コインも同じで、表と裏の2パターンしかないので、便宜上2分の1としています。

つまり、未知の割合だとはいえ、もっともらしい値を仮定として設定することは自然なことなのです。

ただし、この仮定が正しくないと統計の結果が信用できなくなってしまうので、丁寧に設定することが大切です。

データの秘密を解き明かす仮説検定

それでは今回は、今後よく使用する「母比率の検定」について深掘りしてみましょう。

これから私たちに多大な力を貸してくれるのは「仮説(かせつ)検定」という統計学の手法です。

母比率の検定もそこに含まれ、検証したいことを仮説として立て、それが間違っているかどうかを判断するものです。

ポイントとしては「それが正しいかどうか」ではなく「それが間違っているかどうか」であり、間違いを見つけることに意味があるとされています。

そのため、仮説検定では「違いがある」という主張を強く述べることが可能です。

次に仮説検定の進め方を簡単に見てみましょう。下の図をご覧ください。

左から順に5ステップの手順で進めていきますが、避けて通れない単語が7つあります。

今後、数回に分けてこれらの用語を一つずつ丁寧に解説していきますので、どうかお付き合いください。

偶然か必然かを見極める有意水準の秘密

その最初に、図にも登場する有意水準というものを取り上げてみましょう。

これは「ゆういすいじゅん」と読み、上の図の緑色の部分には「偶然かどうかを統計的に判断する基準」とあります。少し難しく感じるかもしれませんね。

「偶然」の感じ方には個人差がありますが、どこかに基準を設けなければ物事は解決しません。

そこで、偶然と必然の境界線の基準を数値で示したものがこの有意水準で、通常はパーセントで表されます。

例えば、次のようなことをイメージしてみてください。

統計学のカギを握る5%の魔法

あなたは学生です。以下のグループの中で「あなたと同じ誕生日の人がいそうかどうか」の境目を考えてみてください。

  • 同じ学年の200人
  • 同じクラスの40人
  • 同じ部活動の20人
  • 一緒に帰る友達5人

統計学の話に戻すと、問題集や参考書の例題でよく使われている有意水準の数値が「同じ部活動の20人」に相当します。

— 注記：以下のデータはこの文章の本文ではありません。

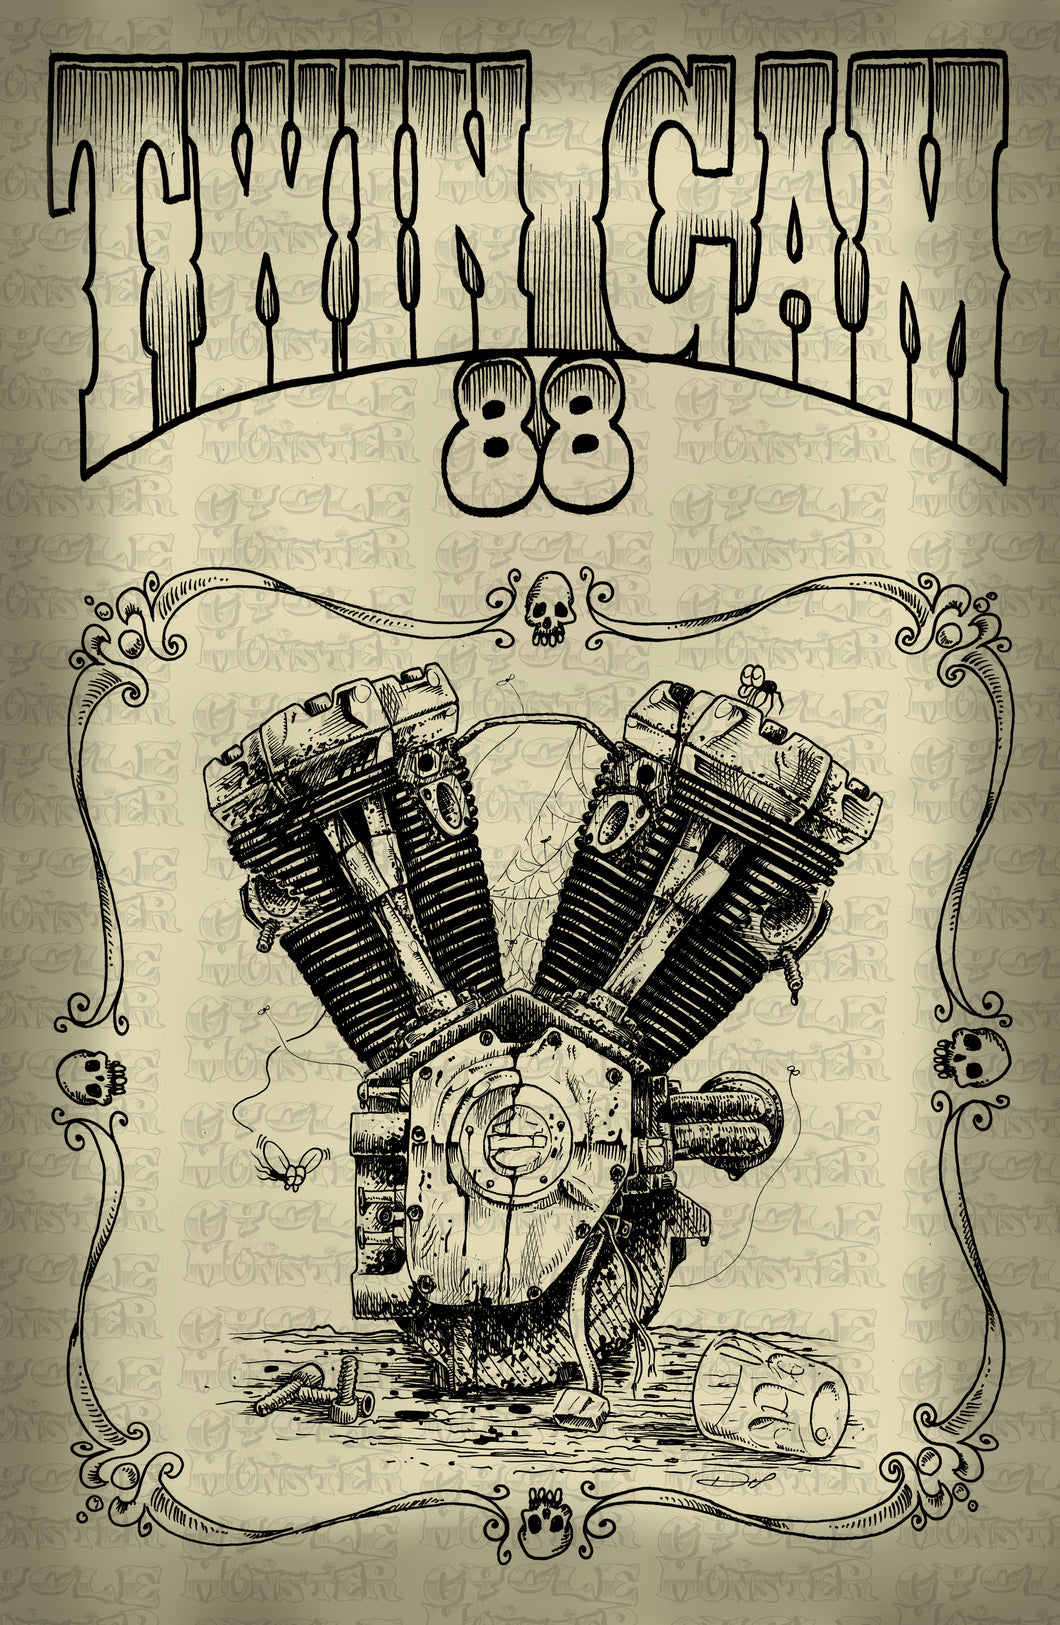 (24 poster) TWIN CAM 88

これを具体的に表すと5%という値で、私たちも今後、偶然と必然の境界線として、この5%を基準とすることにしましょう。

なお、仮説検定では、有意水準を検定を始める前に設定する必要があります。理由は、ここを曖昧にすると、最後に都合の良い解釈をしてしまう恐れがあるからです。

有意水準で収束しない理由を証明する

前回、「母比率の検定とは母比率に収束しそうかどうかを判断するもの」と説明しましたが、今回はさらに詳しくお話しします。

厳密に言えば、母比率の検定は母比率に収束しなさそうかどうかを判断するものです。

その「収束しなさそう」という状態を偶然では説明できないものとして捉え、その基準を有意水準として5%と設定します。

例えば、この半年の全ボートレース場における1コースの勝率は55.7%です。これをもとに次のことを考えてみましょう。

同じ期間のボートレース徳山の1コースの勝率は63.6%です。ボートレース好きなら「これは55.7%に収束しそうにない」と直感で分かるでしょう。

では、ボートレース浜名湖の1コースの勝率、53.0%についてはどうでしょうか。

これを割合だけで判断するのは良くないことだということは置いておいても、収束しなさそうか、しそうかは人によって意見が分かれる部分だと思います。

そこで、明確な線引きをするための基準となるのが有意水準なのです。

ボートレースに当てはめることで、仮説検定における有意水準の役割が伝わったのではないでしょうか。

偶然を超えて次の的中を目指す

今回は統計学の具体的な手法「仮説検定」と、その中で使う用語「有意水準」についてお話しました。

「偶然では説明できない要素を見つけ出す」ことが鍵となる仮説検定を理解することで、ボートレースの予想精度向上にも役立てられるはずです。

難しい用語が出てきますが、一緒に統計学の面白さを探っていきましょう。